After applying adhesives, allow it to cure for up to 24 hours before you apply a finish bead of caulk to all joints. This must be done in accordance to what is directed by the manufacturer. Then, replace the faucet spout and handles. Also allow caulk to cure as directed by the manufacturer before using the tub.

The idea here is to cut the tip of the caulk tube at a 45-degree angle and start with a small hole. Also, you can make it larger but not smaller.

Materials You Will Need

Based on the given steps for installing a bathroom surround, here is a list of the materials you will need:

  • Tape measure
  • Level ( 2-ft. min.)
  • Hole saw bits
  • Utility knife
  • Adhesive
  • Allen wrench
  • Bathtub surround kit
  • V-notched trowel or caulking gun
  • Pencil
  • Electric drill
  • Jigsaw
  • Roofing cement
  • Adjustable wrench
  • Caulk
  • Lumber to brace walls
  • Standard and Phillips screwdrivers

Installing a Bathtub Enclosure

Bathtub enclosures in the first place are a necessary finishing touch to a drop-in tub or a whirlpool tub. So, if you are considering any of those kinds of tub, then consider installing an enclosure.

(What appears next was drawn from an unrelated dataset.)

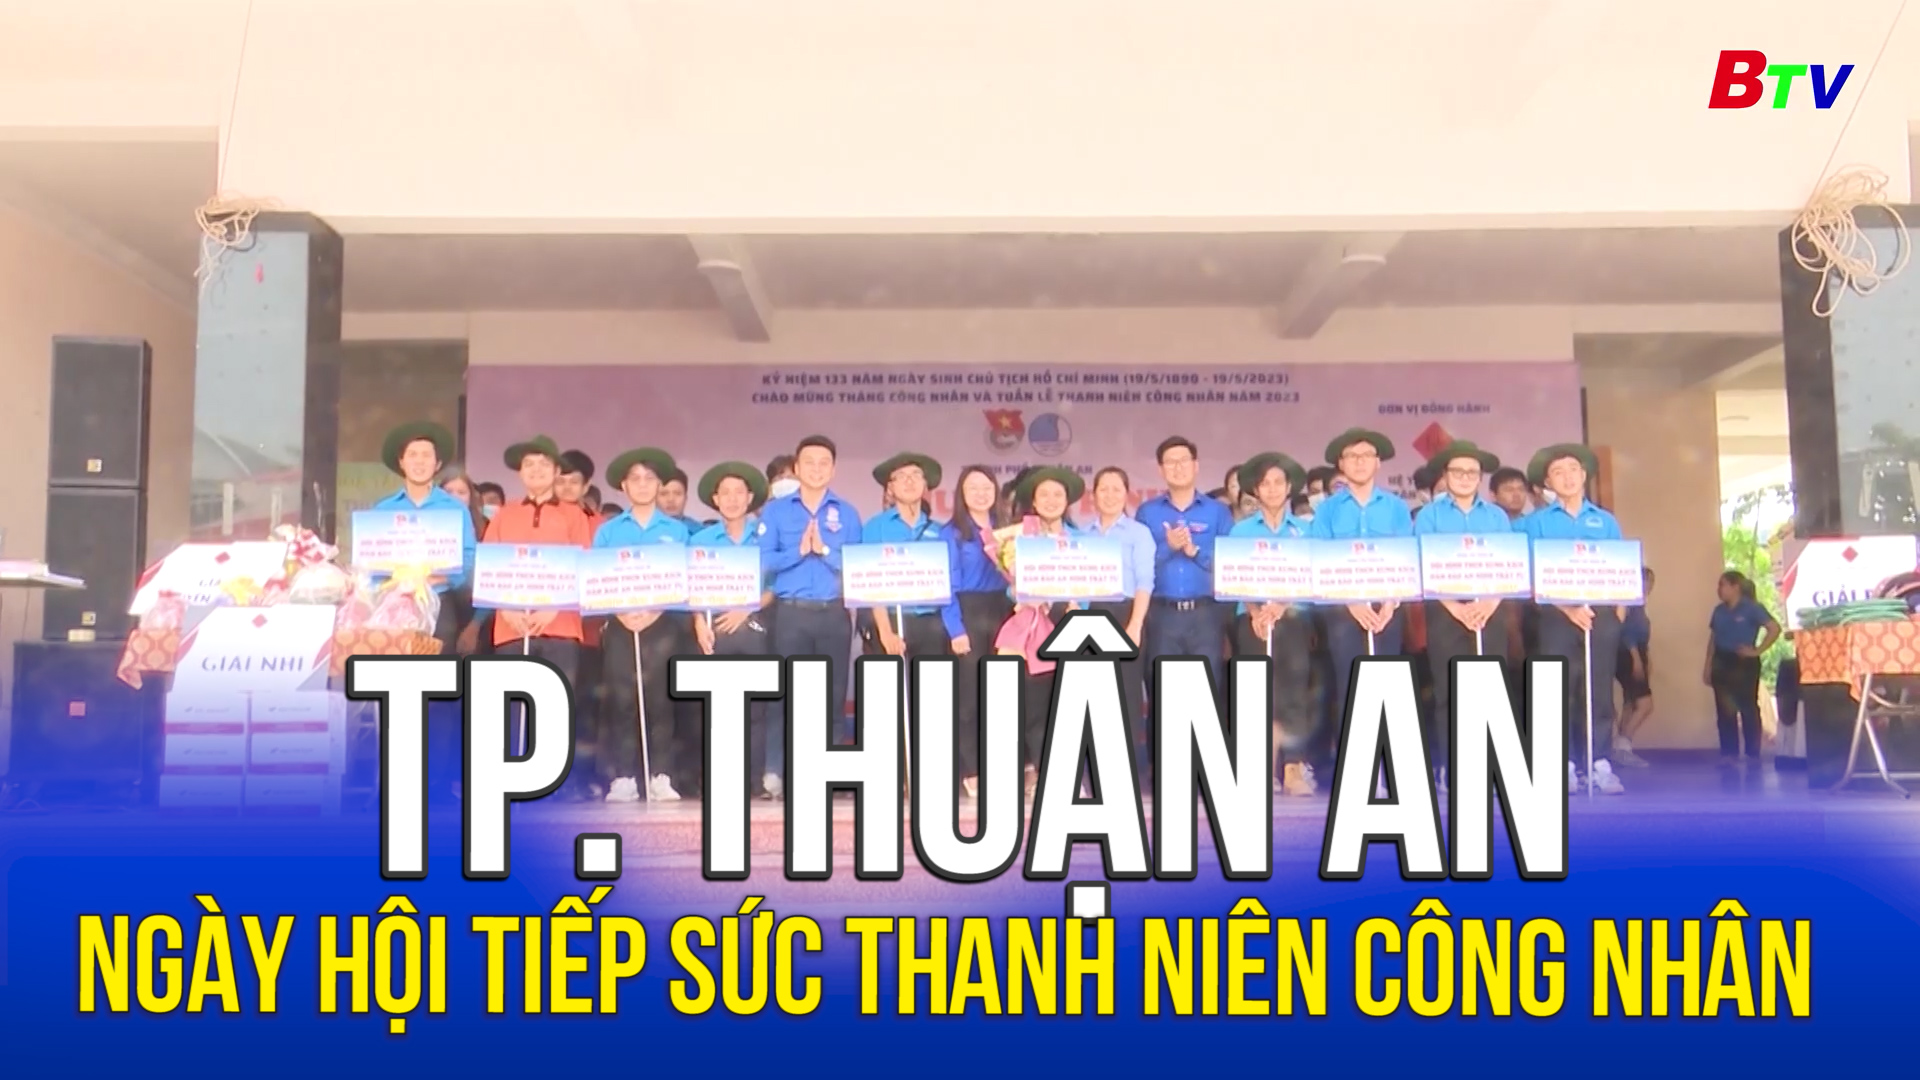 Tp. Thuận An - Ngày hội tiếp sức thanh niên công nhân

Installing a bathtub enclosure is actually not as difficult as it looks. You can build it even with a little skill and of course with the right materials. Consider the following:

Types and Sizes

One of the most important considerations when it comes to building a bathtub enclosure is the type of the tub. In particular, the drop-in bathtubs that are made specifically for bathtub enclosures are said to be the best to build around. But, the whirlpool bathtubs are also great for building enclosures around.

An enclosure is basically necessary to hide the water pipes on both the drop-in and whirlpool tubs. So, it is important that when you consider building one, make sure to work around the plumbing as well as the draining systems to avoid interfering with pipes.

Here are the most recommended steps on how to build a bathtub enclosure:

Step 1: Building a Tub Frame

You can start building a tub enclosure by framing your tub. Construct a frame out of 2 x 4 lumber for every side of the tub not connected to the wall. Every side of the frame should compose of 2 pieces of wood the length of the side it is adjacent to. The two long pieces are supported by 2 x 4 studs placed every 16 inches. Then, the frame should be about 3/4-inch below the rim of the tub, just enough for the plywood and the tile to fit under the rim. Proceed by nailing the frames together and then attach each frame to the wall and floor with nails and construction adhesive of your choice.

Step 2: Attaching the Frame to the Wall and Floor

As often recommended, you can make the ledge of your enclosure as wide as you want. To extend your ledge on both sides, construct a second frame a few inches longer than the first and then install it parallel to the first frame. If in case you want your ledge to be wider than 16 inches, then build a third frame. Proceed by anchoring these additional extensions to the wall and floor parallel to the previously installed frames.

Step 3: Covering and Sealing the Frame

How to cover the frame? Simply attach ½ inch CDX plywood to the sides and tops of the frame with nails. There is also an alternative for that. Just use a moisture resistant wallboard. Also, use a caulk to seal all of the joints between the bathtub and the covered frame. Coat the wallboard or plywood with moisture resistant primer in order to seal it. And, let the primer dry completely.

Step 4: Tiling of the Tub Enclosure

You can cover the plywood or wallboard with a tile, wood or any finishing material once it is dry. Then, seal the finishing material well with tile grout, and proceed by caulking all the joints to prevent water damage.

Step 5: Caulking of the Joints

Once the tile or finishing material has been caulked and dried, you can apply a layer of caulk around the bathtub. Simply line all the edges of the tub with masking tape to make a straight line with the caulk. Then, apply the caulk to the edges of the tub and smooth it with your finger. Let it dry thoroughly and remove the tape.

That’s simply it! So, good luck with your bathroom installation project.